Marcello La Rocca

Posted on Oct 14, 2020

Ternary Search Tree: Core Methods (Java Implementation)

#algorithms #java #100daysofcode #computerscience

To better understand TST, it's important to look at some concrete implementations - in particular, I chose to use Java in this series.

mlarocca / AlgorithmsAndDataStructuresInAction

Advanced Data Structures Implementation

With recursive structures, like trees and lists, I usually define a class for the container, what will be shared with the clients and implement the public interface of the data structure, and a private class for the list/tree nodes.

public class Tst implements StringsTree {

    private TstNode root;
    public Tst() {
        root = null;
    }

    public Optional<String> search(String element) {
            return root == null || root.search(element) == null ? null : element;
    }
    ...
}

The Tst class is just a wrapper for the root of the tree, and all methods are just forwarded to their equivalents for the single nodes.

Of course, in Java you might also want to define an interface that sets in stone the behavior of the container, if you have another concrete class that can interchangeably perform the same operations (in this case we do, because we can implement a Trie class that has the exact same behavior), or in general if you want to decouple the abstract API from the concrete implementation.

The TstNode class is much more interesting than the tree wrapper, because it contains all the logic.

private class TstNode {

    private Character character;
    private boolean storesKey;

    private TstNode left;
    private TstNode middle;
    private TstNode right;

    public TstNode(String key) {
       ...
    }

It needs to have fields for the three children of a node, and for the character that each node holds.
I t also needs a way to mark nodes that stores a key: in this version of trie/tst, the containers are just sets, holding the strings stored in them, so I used a boolean flag; however, we can easily implement these trees as dictionaries (which will thenn associate a value to each key stored) by replacing the storesKey flag with a generic field for a value, for instance:

private class TstNode<T> {

    private Character character;
    private T value = null;

    private TstNode left = null;
    private TstNode middle = null;
    private TstNode right = null;

    public TstNode(String key, T value) {
        if (key.isEmpty() || value == null) {
            throw new IllegalArgumentException();
        }
        character = key.charAt(0);
        if (key.length() > 1) {
            // Stores the rest of the key in a midlle-link chain
            middle = new TstNode(key.substring(1), value);
        } else {
            this.value = value;
        }
    }

You can also see the implementation of the constructor for the dictionary version above. Obviously value could be any type inheriting from Object.

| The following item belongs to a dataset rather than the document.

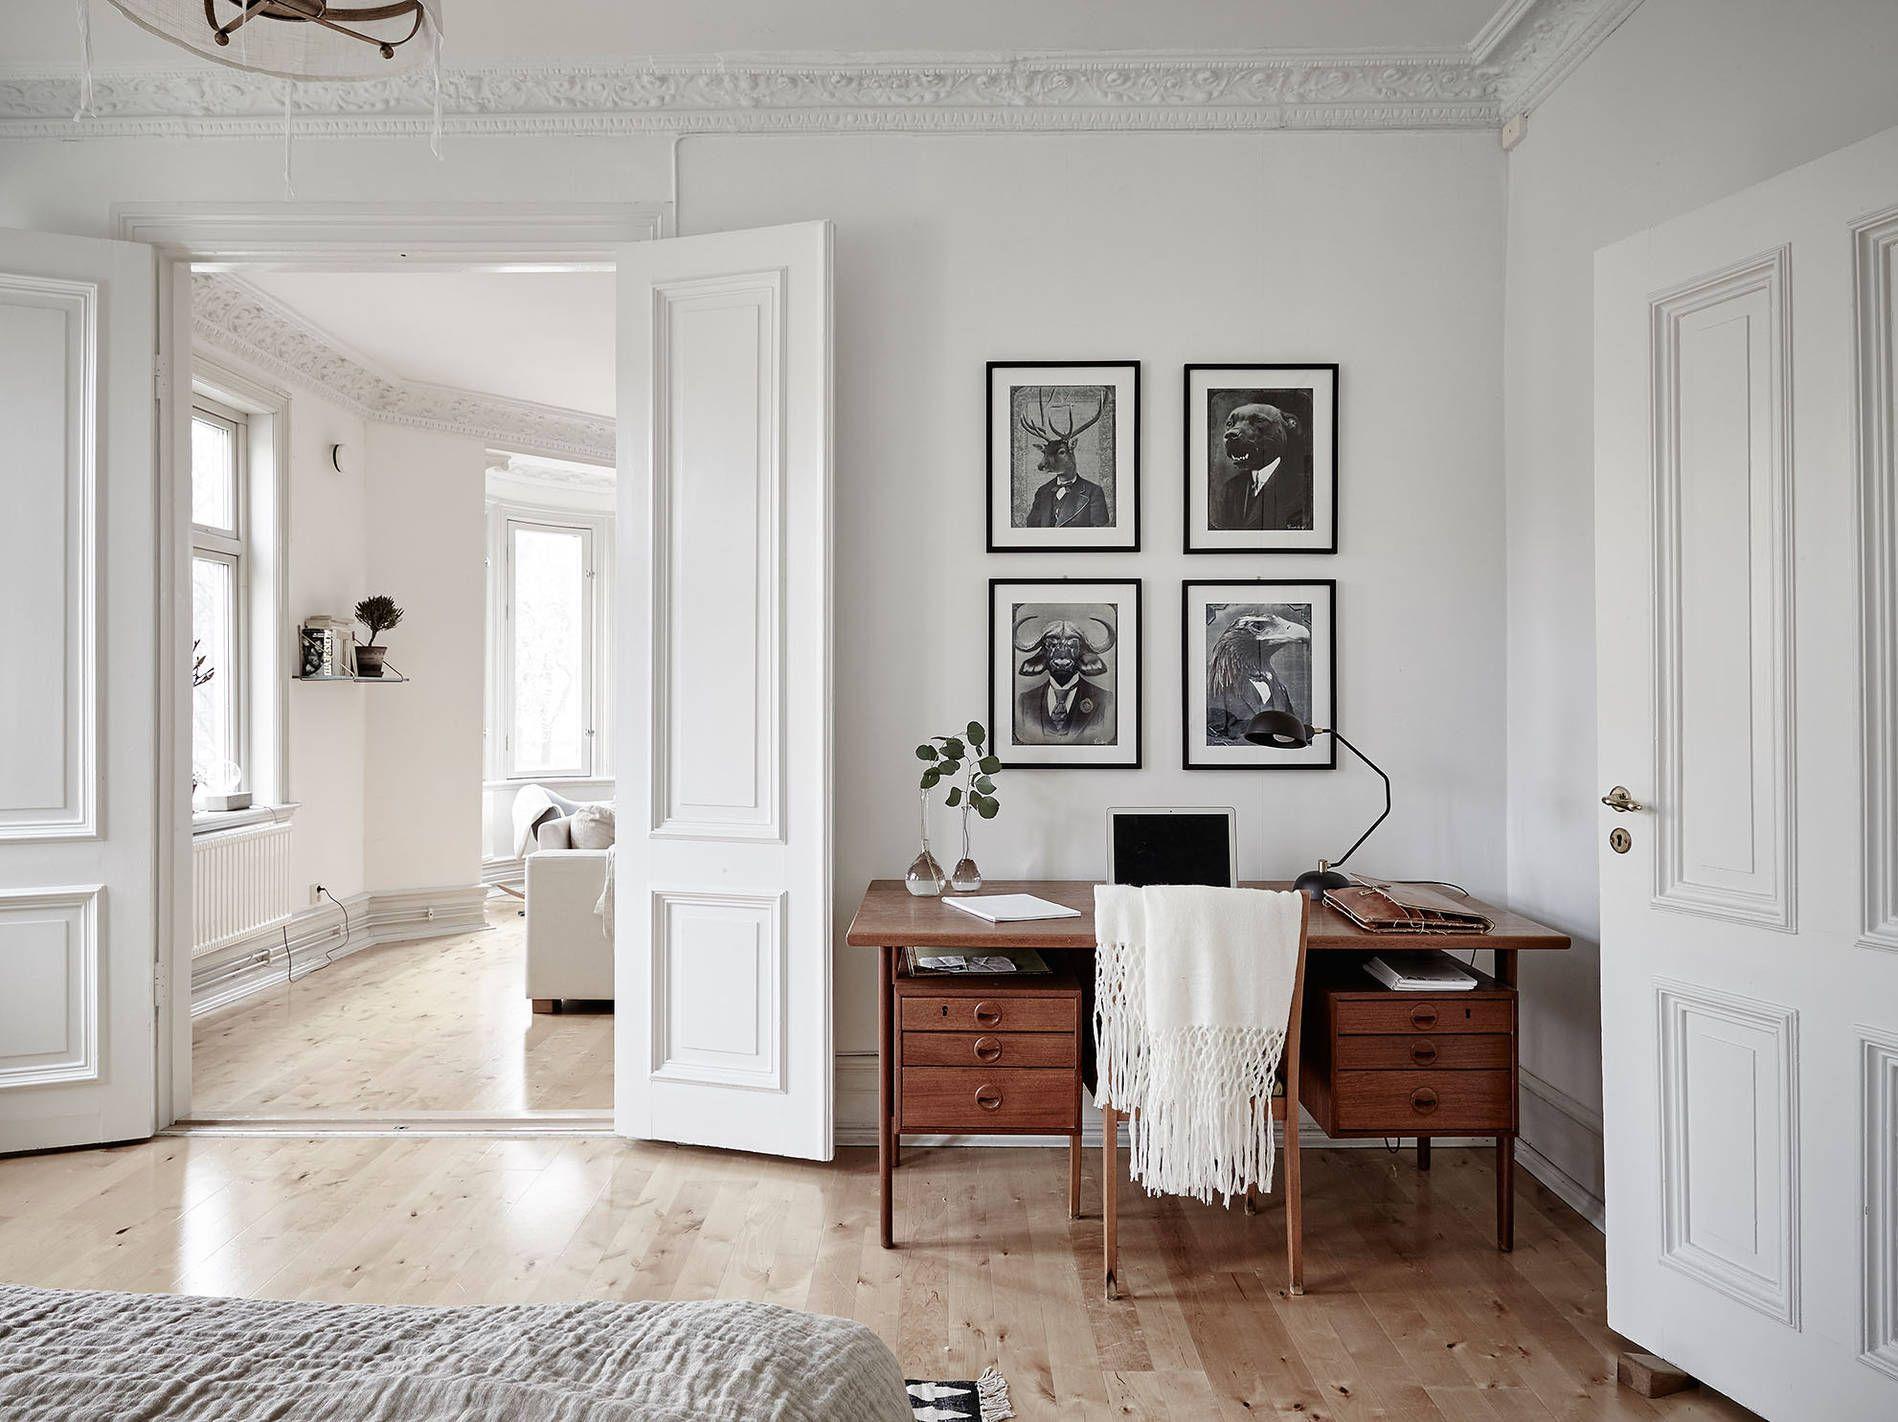 schwedischer Altbau 11 … alte Häuser mit viel Charm in 2019…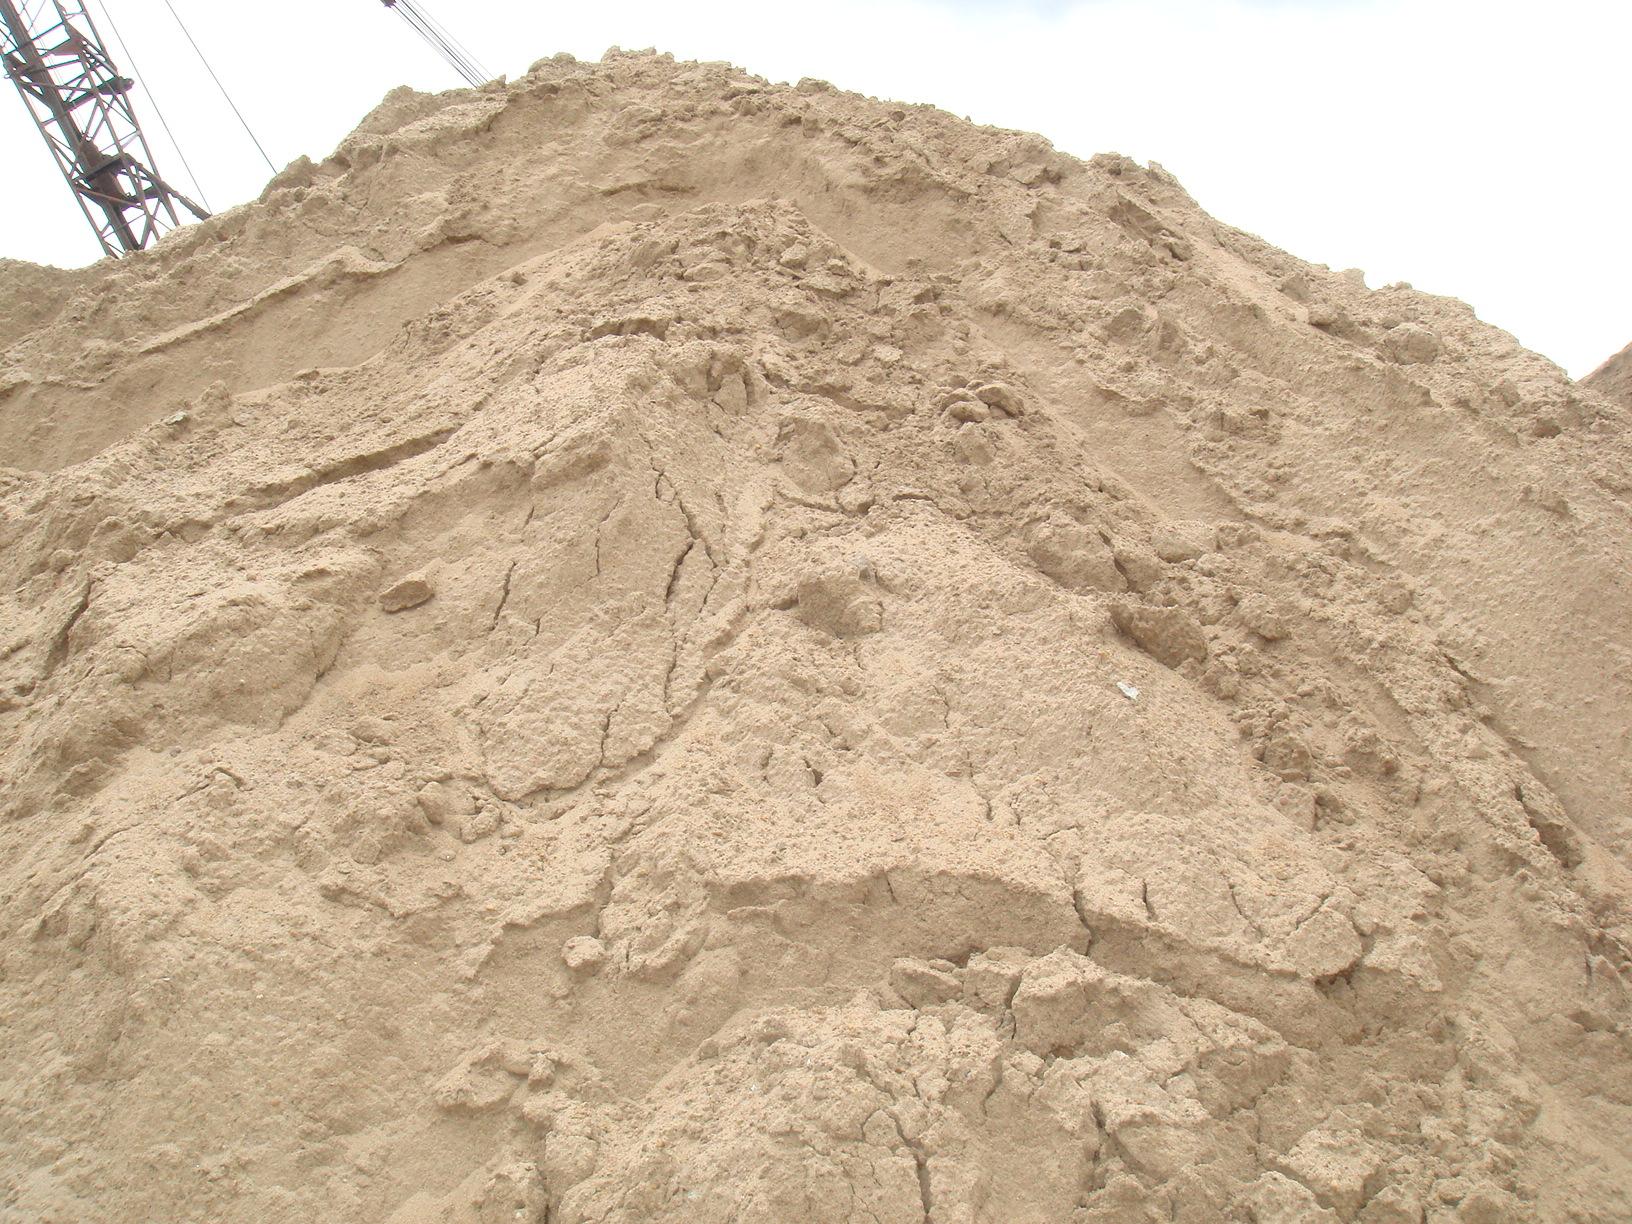 Báo giá cát bê tông giá rẻ mới nhất tại Tphcm năm 2020

Constructing a new node to store a key-value pair is easy: we need to create a middle-link chain (which resembles a linked list, at this point!), so we take the first character in the string, store it in the currently-being-created node, and then (unless is was also the last character) create a sub-tree (or better, a sub-chain of nodes, linked through middle-links), that will be stored as the middle-child of current node.

Notice that value will be stored only in the very last node of the chain.

Adding a New Key-Value Pair

Once we have created our empty TST, we need a method to fill it with key/value pairs. This is probably the one method with which we need to be more careful when we write the TST wrapper, because we can deal with an empty root, and in that case we also assign it.

public boolean Tst<T>::add(String element, T value) {
    if (root == null) {
        root = new TstNode<T>(element, value);
        return true;
    } else {
        return root.add(element) != null;
    }
}

The core of the algorithm, however, still lies in the TstNode class.
In the listings above and below I omitted some of the checks on the arguments just for the sake of space: we want to make sure that the key is not null and not empty, and that the value is not null. We can perform those checks once per client call in Tst::add.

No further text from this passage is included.